The escalation promise → the form letter

They wrote: “forwarded to… senior members of our safety, technical, and policy organizations” (June 7)

They then did: “automated response… please do not reply” (June 11, 14, 15)

The root-cause commitment → the referral out

They wrote: “it is critical that we understand its root cause” (June 7)

They then did: “we recommend consulting licensed professionals” (June 10)

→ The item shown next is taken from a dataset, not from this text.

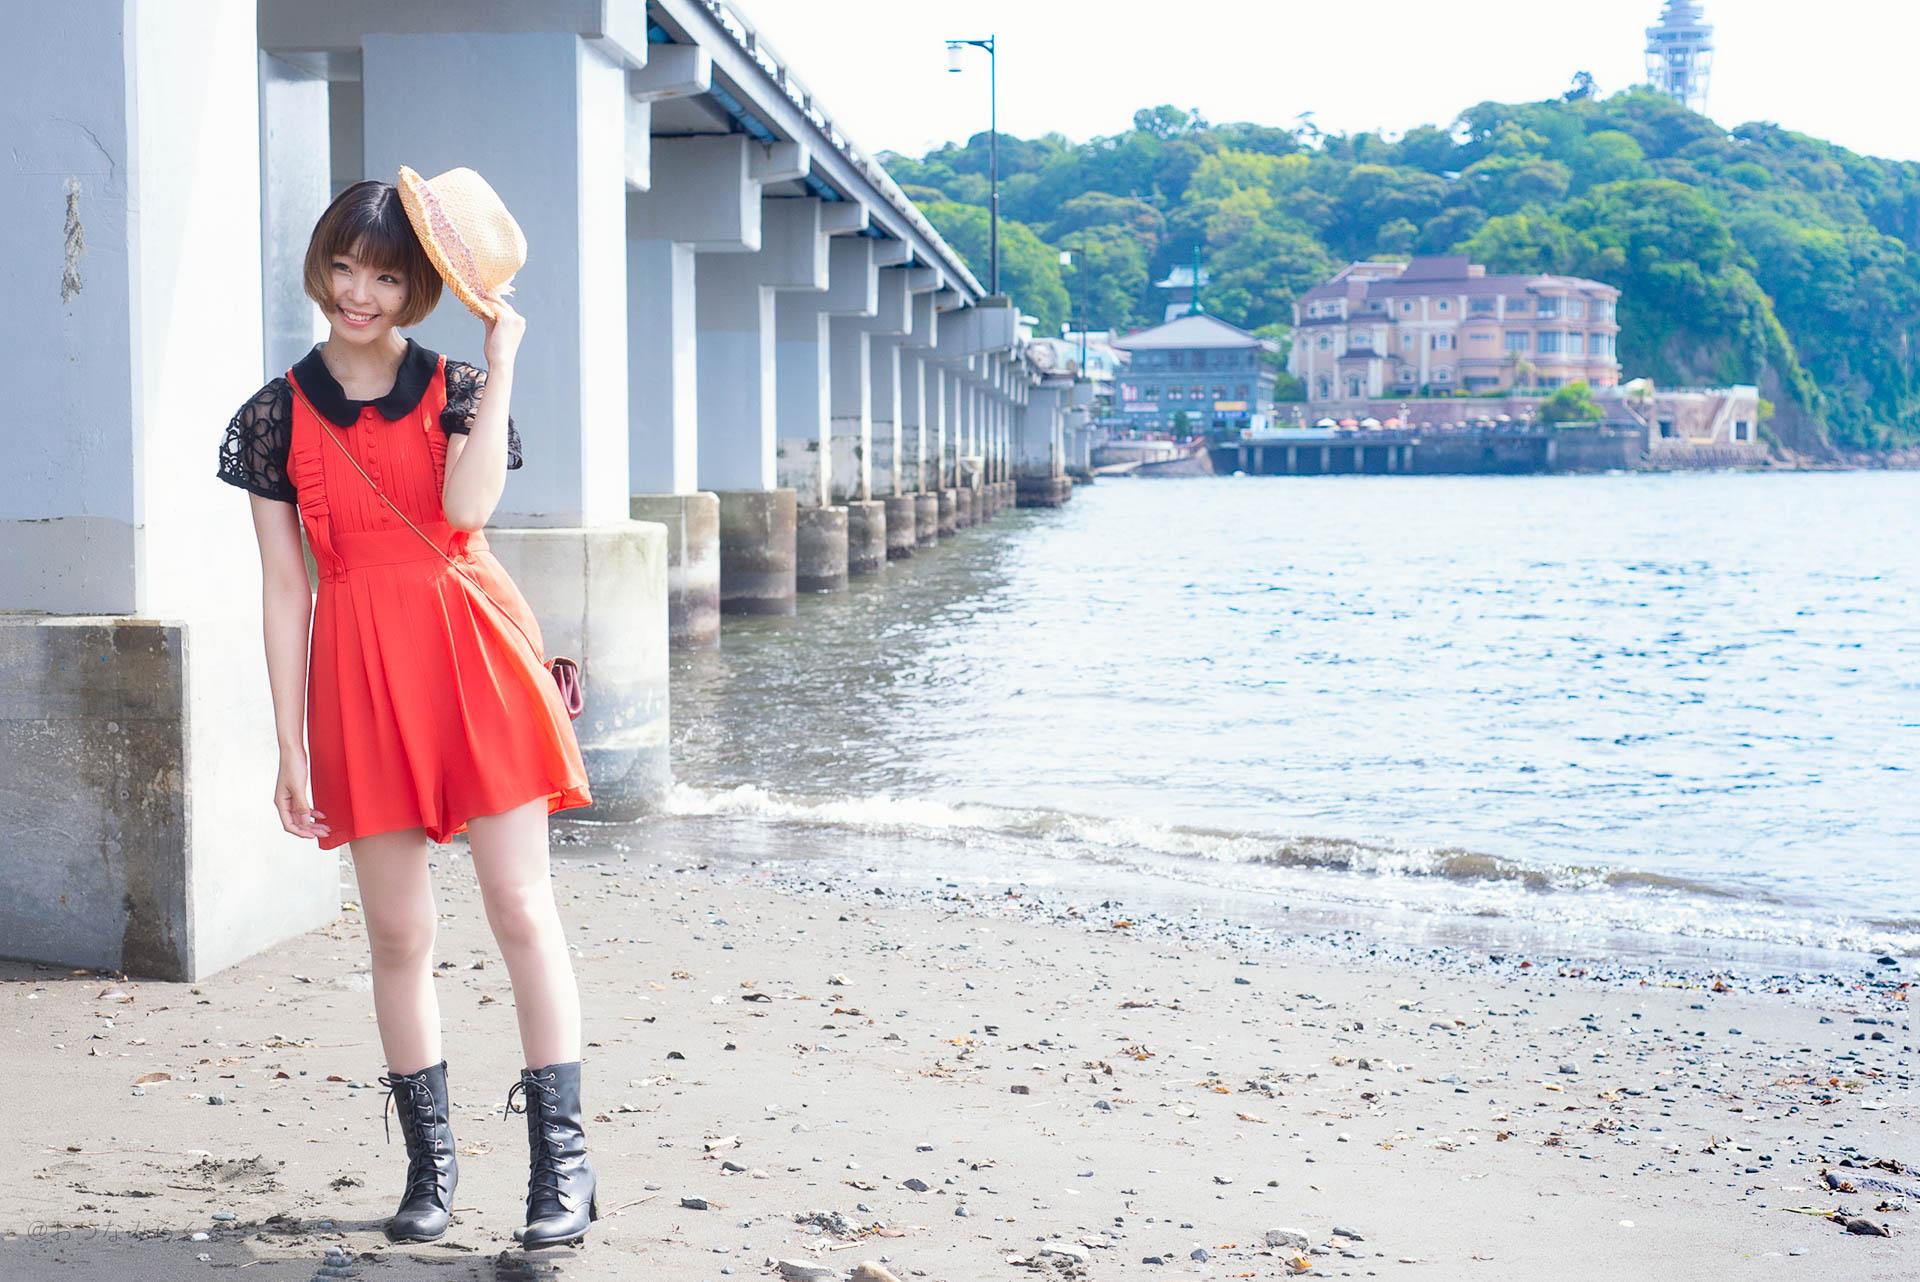 何年ぶり?!江ノ島散策してきた♪

The acknowledgment is dated. The deflection is dated. Both are theirs. Whatever OpenAI chooses to do now, the record of then is fixed: their channel described the behavior accurately, in writing, using his term — and then routed the matter to a form letter. Doing the right thing now would not make it true that they did it then. That gap is the point.

What this establishes

The correspondence does one thing well: it establishes notice. He warned OpenAI, in writing, by name, and the notice is cryptographically tied to their domain. The finding itself — Cognitive Convergence Drift — rests on the primary record on the Evidence page and is stated with its own limits: the specimens are ChatGPT-4o (memory-enabled) outputs, and the claim is the delta — what other systems did not reproduce — not that every AI does this. Convergent, never confirmed. The documentation standard here is the plain one any consumer-protection record uses: dated, sourced, re-verifiable. Re-verification is a check on the original: open the .eml, read the Authentication-Results header, confirm dkim=pass for openai.com.